I’m not sure how much more it will take to persuade you that yes they did “lie”, and the thousands of scientists and experts who allowed this totally fraudulent deception to be passed off and proclaimed around the country also “lied” by keeping quiet. Did the labs put control positive samples in each batch? No-one ever asked. Did the labs find positive samples and retest them to find if they were false? No-one ever asked.
But not only that, nor the finding of virus in millions of litres of waste water from towns that didn’t have any cases, but back in ?September there were three cases in a town in Northern Victoria at a tyre shop visited by a positive-testing truck driver from Melbourne. This wasn’t revealed until almost two weeks after his visit, so a list of all the places the three had visited in that fortnight went out and a call for anyone there or with symptoms to get tested. Thousands queued up for hours to get the test, and totalled over 15,000 tests, but NOT ONE positive case was found, showing not only that the test didn’t find anything, but that the virus is so uncontagious other than by direct contact that only the people directly in contact with the known case were infected.
No-one noticed this, nor questioned the need to wear masks in public places or all the rest of the nonsense, and those who did got fined, like the pregnant woman whose house was busted for posting a notice on Facebook about an anti-lockdown rally. She has now been fined.

Hi @Dimac

And yet that exact specificity for the PCR test is found all around the world, including in the UK, New Zealand, China, Taiwan, USA etc etc etc. Surely claiming it to be “improbable” is begging the question? Actually it might be normal. Clinging to theoretical arguments in the face of actual real world data is the same problem as mathematical modellers who get too attached to their model, when the data doesn’t support it but refuse to give up.

I’m still confused about this (as I indicated above). Do you believe that the authorities are falsely claiming that there are zero cases? Does that mean that you think there really are cases, and they are being hidden for some fraudulent purpose? That makes no sense to me - I must have misunderstood you. Why would the Australian authorities hide cases by falsely claiming zero cases, and the UK authorities simultaneously overstate cases to fan the flames of a “casedemic”. My logic circuits have fried…

I’ve not read that - but that is interesting. It reminds me of a study by a chap at Oxford who claimed to have found dead virus particles in the wastewater in Madrid from Summer 2019. I didn’t hear any more about that, so I’m not sure how accurate that turned out to be.
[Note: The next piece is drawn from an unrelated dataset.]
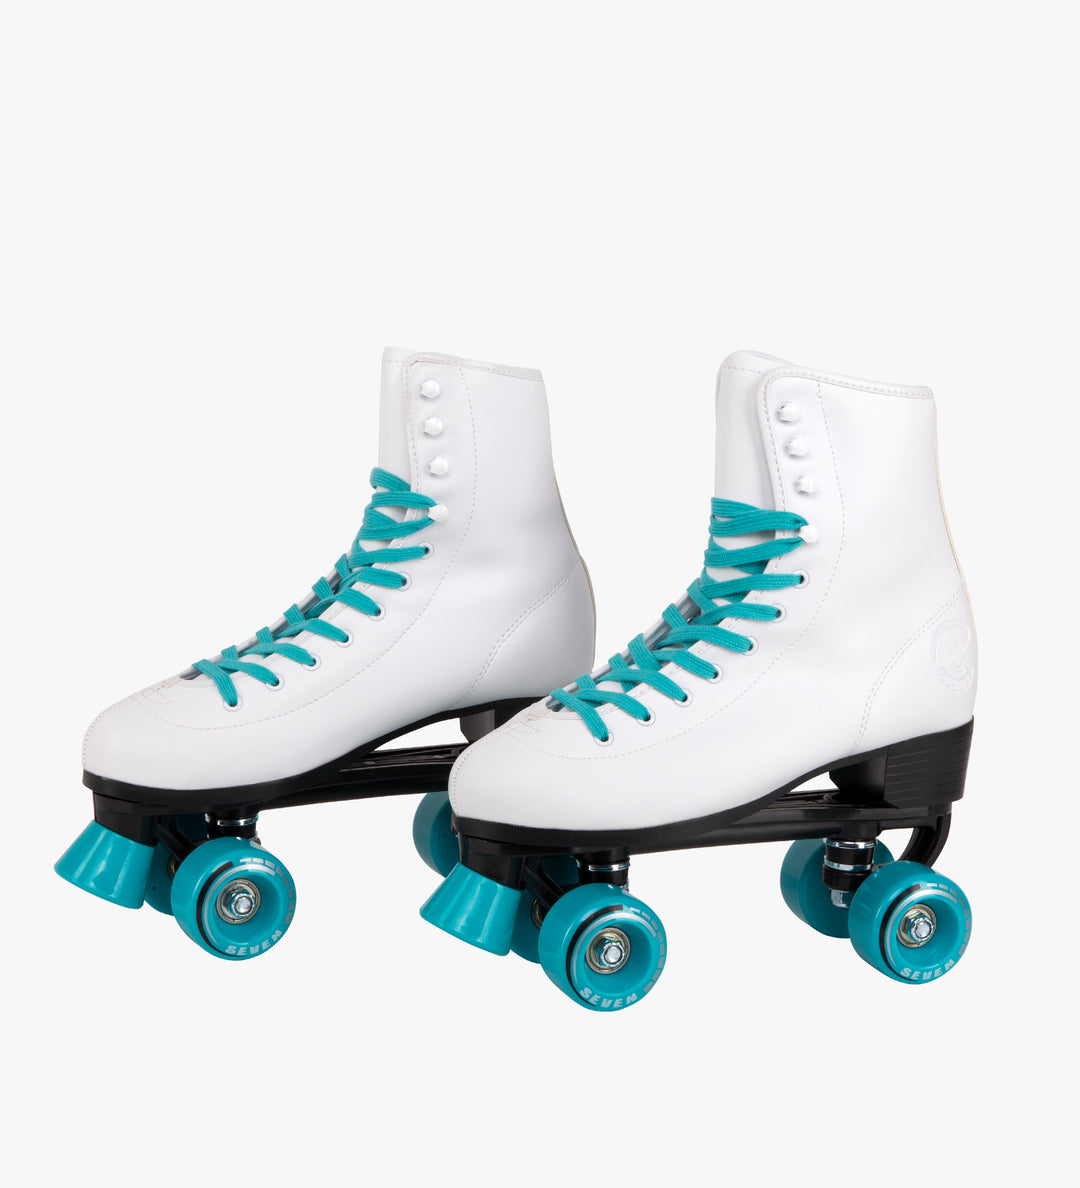 retro white quad roller skates with teal laces and wheels

I’m not 100% surprised by this. I’ve been pointing out for months now that this virus doesn’t seem to spread uniformly, but rather makes abundant use of superspreaders. It’s one of the reasons that I think it is feasible to stamp out Covid, and one of the things that makes it different to 'flu.

Overall, I think that there is a lot discussion around false positive results from PCR that is just not that helpful. I used to think that could be a big issue, but as time has gone on I have changed my mind, and I no longer think that this is a big problem at all, for reasons that are becoming clear through this discussion, and for more that I am currently writing up.